I have seen some strange movies in my time. You have to understand I grew up watching the Twilight Zone, so I know strange when I see it—– and Rango is got to be the strangest animated film posing as a children’s movie I have ever seen. It is cast as a Western, albeit a Western set in modernity, so there is a tiny 19th century style town called Dirt, and the Mayor has a plot and a plan to buy up all the land and build Phoenix. I told you it was strange, but then the mayor is turtle who plays golf.

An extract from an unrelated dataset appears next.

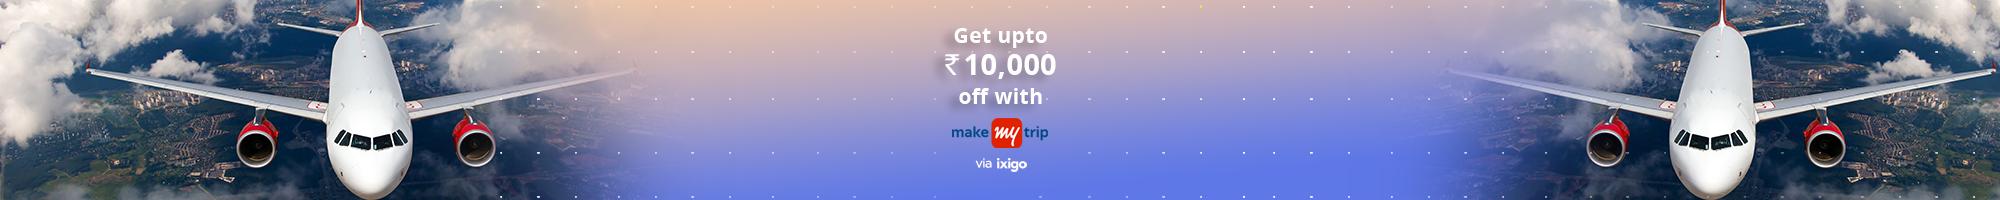 ixigo Flight Offers - Domestic Flight Booking Offers & International

Basically the problem is he is trying to run people off by controlling the water—- all of it. Which is where Rango comes in, a hip chameleon played by Kentucky’s own Johnny Depp, no stranger to really strange roles (think his breakthrough with Edward Scissor Hands). How does he end up in Dirt? Well he literally falls off the back of a vehicle on the only highway that runs through this desert valley, and wanders into town. Before this little trauma he had a pleasant life in a fish tank with an orange plastic fish and half of a maniken, or in this case a womanikin. Rango somehow gets chosen by Mr. Mayor to be the new sheriff, and he meets a woman named Beans (I kid you not), who doesn’t know beans about running a ranch and is prone to catatonic states when stressed. Of course it is love at first sight when Rango shows up.
For an hour and 47 moments (including some really dull stretches) we are regaled with the old Western tale of how a sheriff tries to clean up a town, find water, and generally be everyone’s hero. Oh yes, and there is a Hispanic chorus telling us along the way what is happening and may happen— four owls making up a mariachi band with sombreros. You have to wonder what the script writers were smoking. This is like a Tim Burton Halloween movie on LSD.
Not to worry, Johnny Depp’s monologues are hilarious, almost as funny as in the first Pirates movie, and there are some truly comical scenes in this movie, most of them involving mayhem. It is clear to me that this movie is not only mostly way over a child’s head, it is also so far out in left field, that most adults, even those willing to suspend their disbelief, will leave scratching their heads. And there are a myriad of stereotypical Western voices, including Bill Nightly as Rattle Snake Jake. May I suggest however you wait and take your child to the next ‘animated’ feature instead of this one—- after all Puss n’ Boots is on the way, and compared to this movie, it looks postively sane and normal. I think this movie should have had as its theme song ‘Take a Walk on the Wild Side’.